Carolina es también la presidenta de la Asociación de Libreros de la Cuesta de Moyano, una organización surgida para revitalizar este empinado emplazamiento de camino a El Retiro que ha ofrecido libros a la ciudad casi desde el siglo XIX, cuando los feriantes se colocaban cerca de la estación de Atocha para vender su material a los recién llegados a la capital. Los libreros sobrevivieron a aquellas ferias y se acabaron situando en el Paseo del Prado, si bien su espacio actual es de 1924. Desde entonces han pasado muchas crisis -y hasta una Guerra Civil-, pero la de ahora, como muchos de ellos señalan “es el remate”.

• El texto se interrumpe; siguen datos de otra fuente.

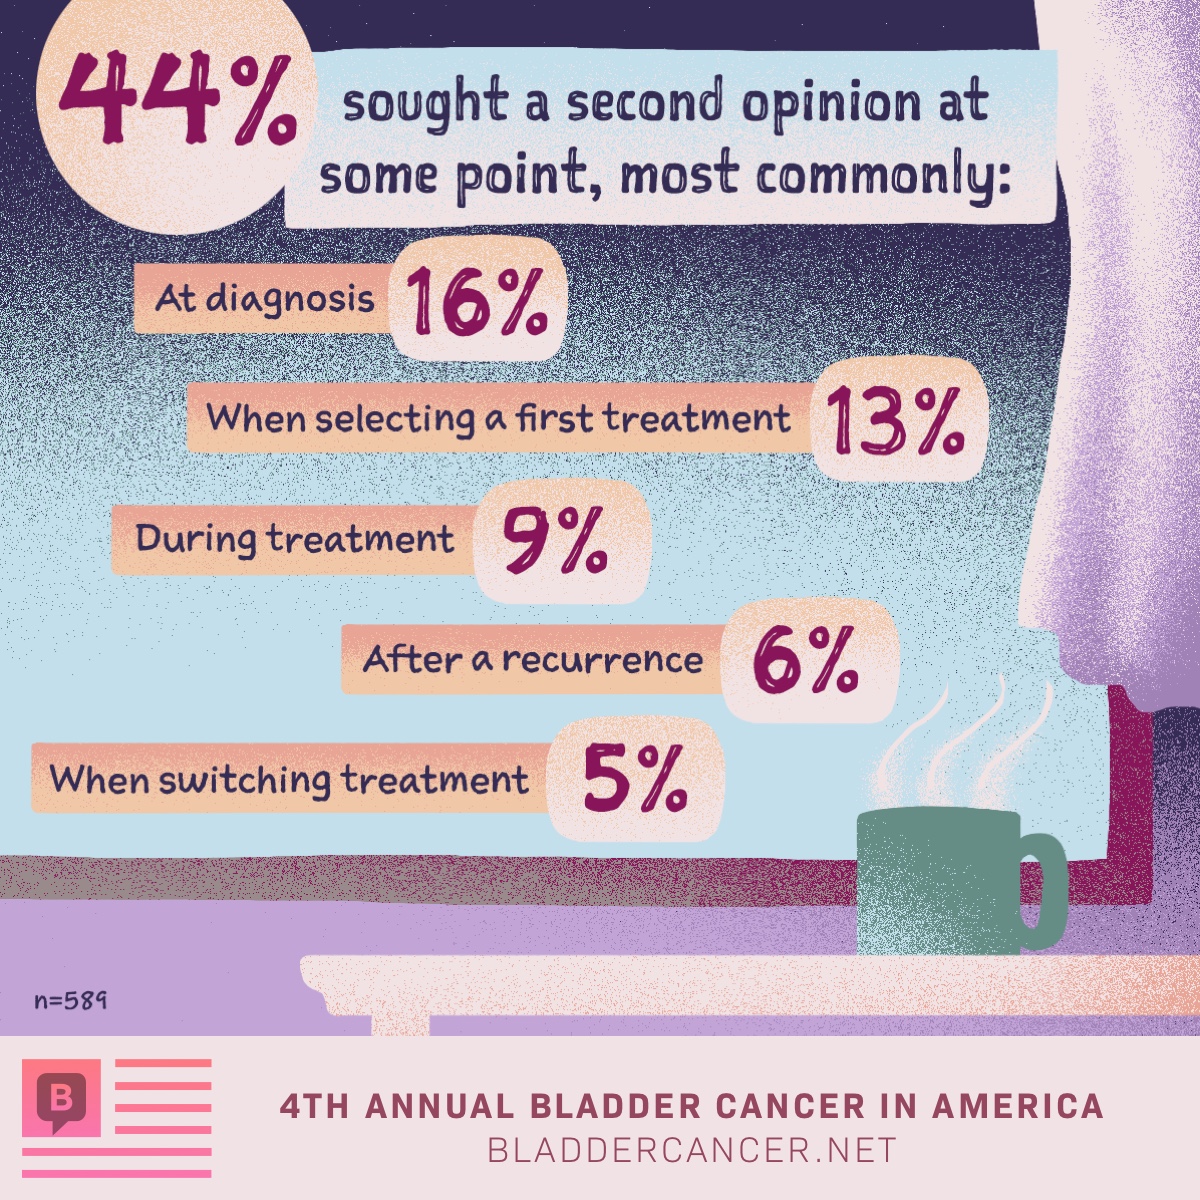 44% sought a second opinion at some point, most commonly at diagnosis or when selecting a first treatment.
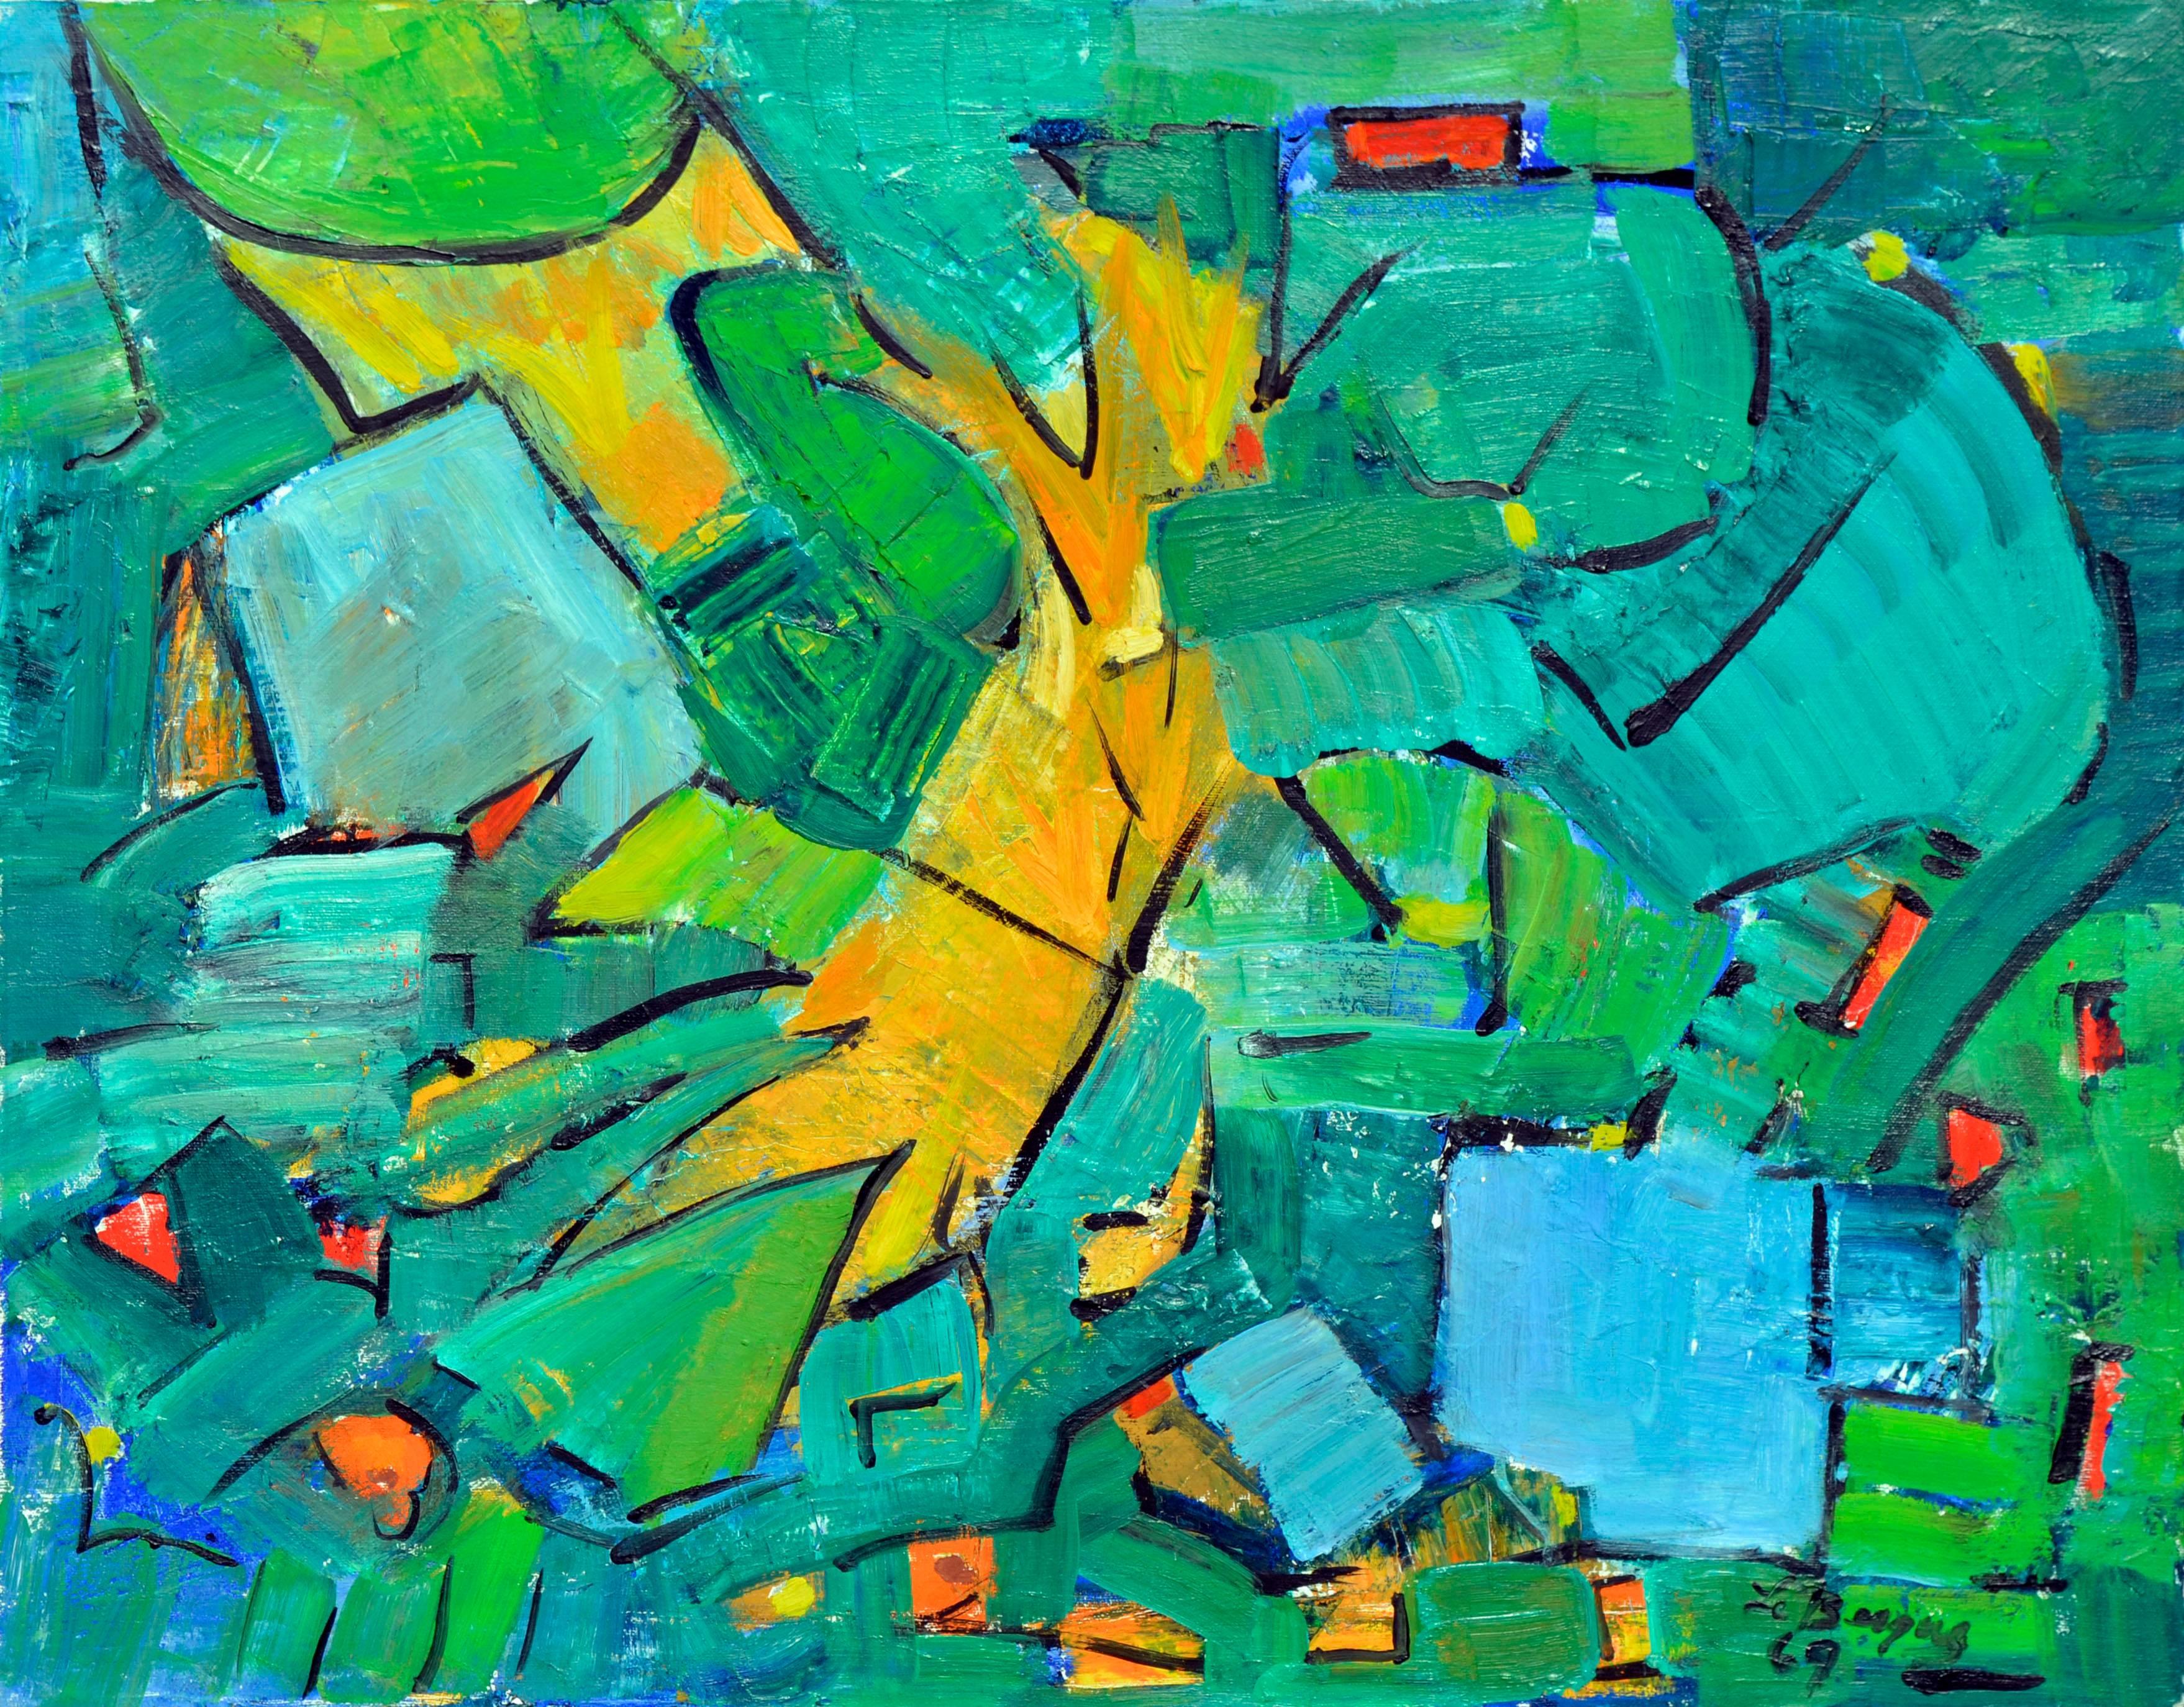 Le Besque Abstract Painting - Garden Green & Cyan Abstract

Ya estaba mal de antes, pero es que con todo esto las ventas han bajado un 50%. Este año está perdido y la Navidad la damos prácticamente por perdida

Por ello, ya en abril de 2019 también se creó la organización ciudadana Soy de la Cuesta, conformada por periodistas, gestores culturales, ilustradores, libreros, empresarios, expertos en sostenibilidad, abogados, etc , con el fin de ayudar a estas librerías. Un esfuerzo que se ha redoblado con la imprevista llegada de la pandemia, que cerró las casetas durante tres meses y que todavía hoy hace que cojeen las ventas. Entre todos lucharon por que el ayuntamiento exonerara del pago del canon en 2020 -en algunos casos puede llegar a los 10.000 euros- y han puesto en marcha acciones como la que se celebra este viernes para conmemorar el Día de las Librerías. Es lo que han denominado ‘Librero por un día’ y por la cuesta pasarán desde las 12 horas autores como Arturo Pérez-Reverte, Rosa Montero, Fernando Aramburu o Pío Caro-Baroja que se situarán junto a los libreros para recomendar libros a los transeúntes. Estarán hasta las 18.30.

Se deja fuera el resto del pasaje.